Susana y Eligio viajaban en silencio, respirando pesadamente, sin poder mirarse ni mucho menos hablar y eso era algo que Susana no soportaba, porque los silencios pertenecían a la zona de Slawomir y lo que ocurría en esos instantes era una corrupción insoportable de todo lo que había ocurrido con el polaco, una caricatura grotesca que la hacía odiar intensamente a Eligio, jamás creyó llegar a detestarlo de esa manera; su sola presencia le era irritante. Eligio, por su parte, manejaba impertérrito, casi bizco porque nevaba con fuerza, muy despacio pues en cada recodo el vega patinaba incontrolable, seguramente cansado porque los ojos se le cerraban, lo que ocurriría tarde o temprano era que iban a estrellarse a causa de la nieve y la pésima visibilidad, prácticamente no se veía la carretera y sólo se le adivinaba porque en ella la nieve era más plana. Allí perecerían los dos, en medio de la tormenta. Manejaron durante horas, que a Susana le parecieron interminables; logró dormitar un poco cuando se le acabaron los cigarros, pero despertó a los pocos minutos nuevamente entre la nieve que caía con su silencio aterrador, desdibujando los contornos, donde sólo había una pantalla de capas blancas, luz mortecina, inamovible, que a veces se abría un poco y dejaba ver el campo ya bien cubierto por más de medio metro de nieve.
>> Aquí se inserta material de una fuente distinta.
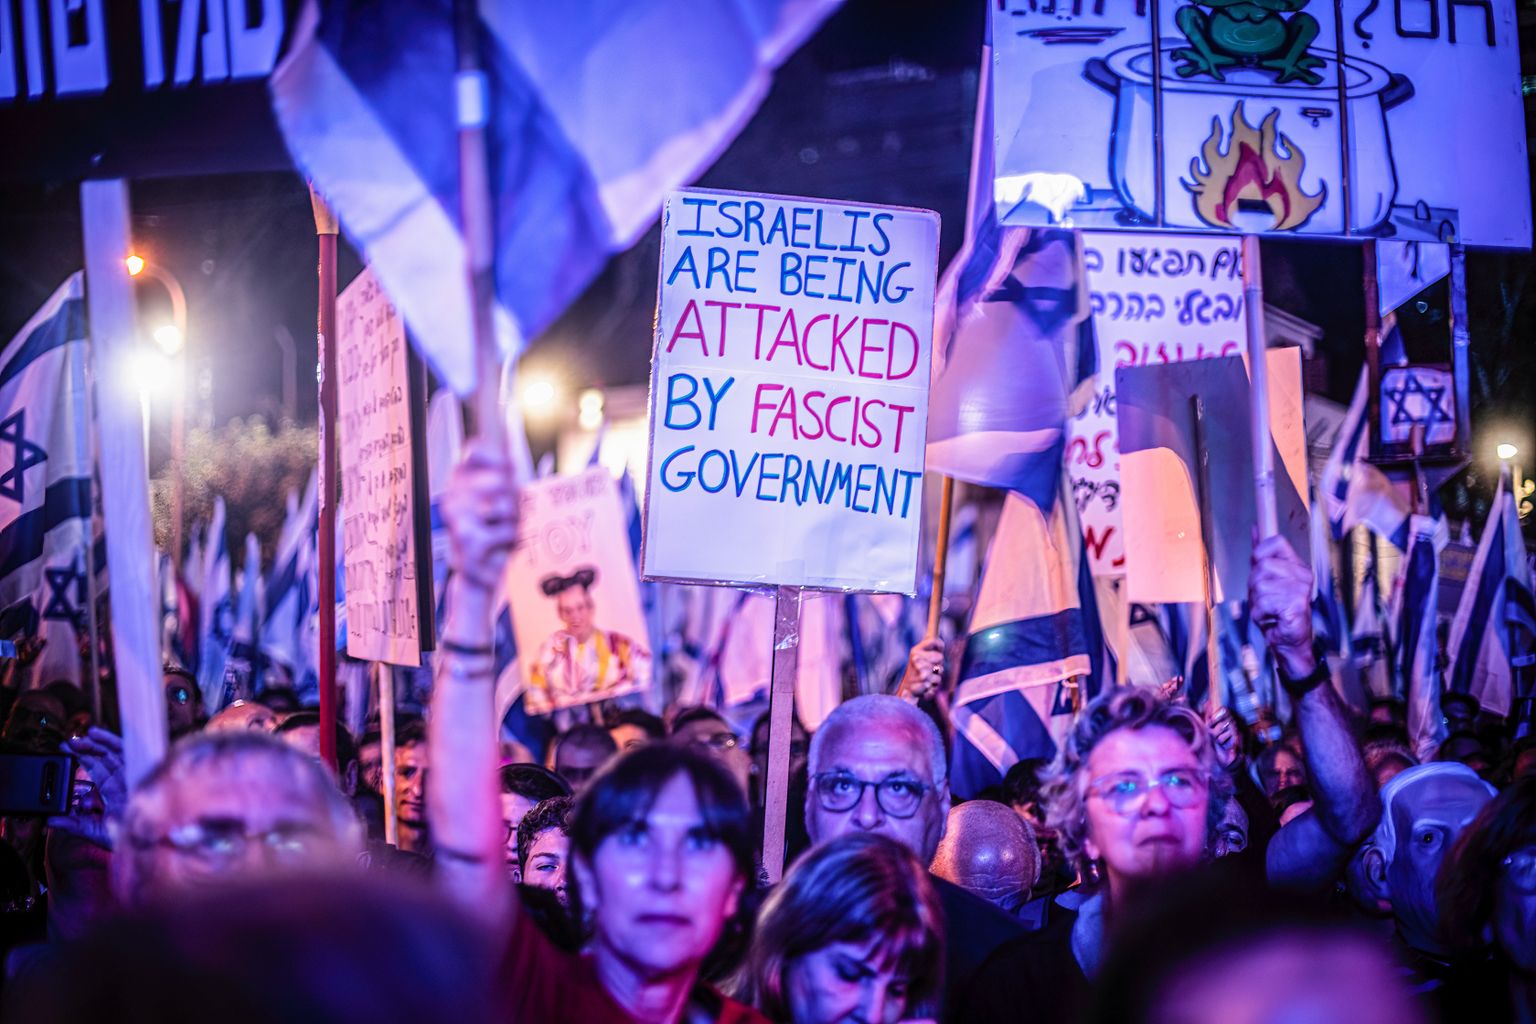 Iisraellased protestimas kohtusüsteemi ümberkorraldamise ja peaminister Benjamin Netanyahu valitsuse vastu.

La nieve se había acumulado de tal manera que el vega patinó una vez más y fue a hundirse suavemente en una duna de nieve que se había formado junto a la carretera. Eligio salió maldiciendo entredientes, y constató que el auto se hallaba bien atrapado. Sólo una grúa lo sacaría de allí. Regresó al interior y trató, por última vez, de desatascar el auto, fue imposible, el motor bramó como si agonizara, las llantas chirriaron y eso fue todo. Susana cerró los ojos, fingiendo que dormía, por si Eligio quería hacer algún comentario y desencadenar, de esa manera, un infiernito, pero pudo sentir que Eligio la miraba largamente y que de pronto una frazada más la cubría. Susana reprimió una mueca de irritación y cerró los ojos con más fuerza. Nunca supo en qué momento se quedó profundamente dormida.

Cuando despertó, Eligio dormía hecho un ovillo con la cabeza totalmente hundida entre los brazos, muy pálido por el frío. Había terminado de nevar, era de día y el auto era un islote solitario. Nada se movía por allí. Un nuevo estremecimiento de frío la hizo frotarse con vigor brazos y muslos. Quiso salir del auto, pero la nieve bloqueaba la portezuela, Susana se conformó con abrir la ventanilla, pero la corriente de aire que entró la hizo cerrarla al instante. En la parte trasera buscó con qué cobijarse, y entre las maletas revueltas y las prendas que, desordenadas, yacían allí, tomó otro abrigo y se lo echó encima. Eligio dormía pesadamente, con un ronquido leve y sus labios parecían transparentes, con pequeñas líneas azules, sin más cobijo que la chamarra. Sólo la fatiga lo hacía dormir en ese frío intolerable. Buscó nuevamente en el asiento trasero y encontró una bufanda y un gorro con orejeras; los colocó en Eligio con mucho cuidado para no despertarlo. Tomó otra chamarra y dos suéteres, y los puso en los muslos y los pies de Eligio, quien, aun dormidísimo, relajó un poco el cuerpo.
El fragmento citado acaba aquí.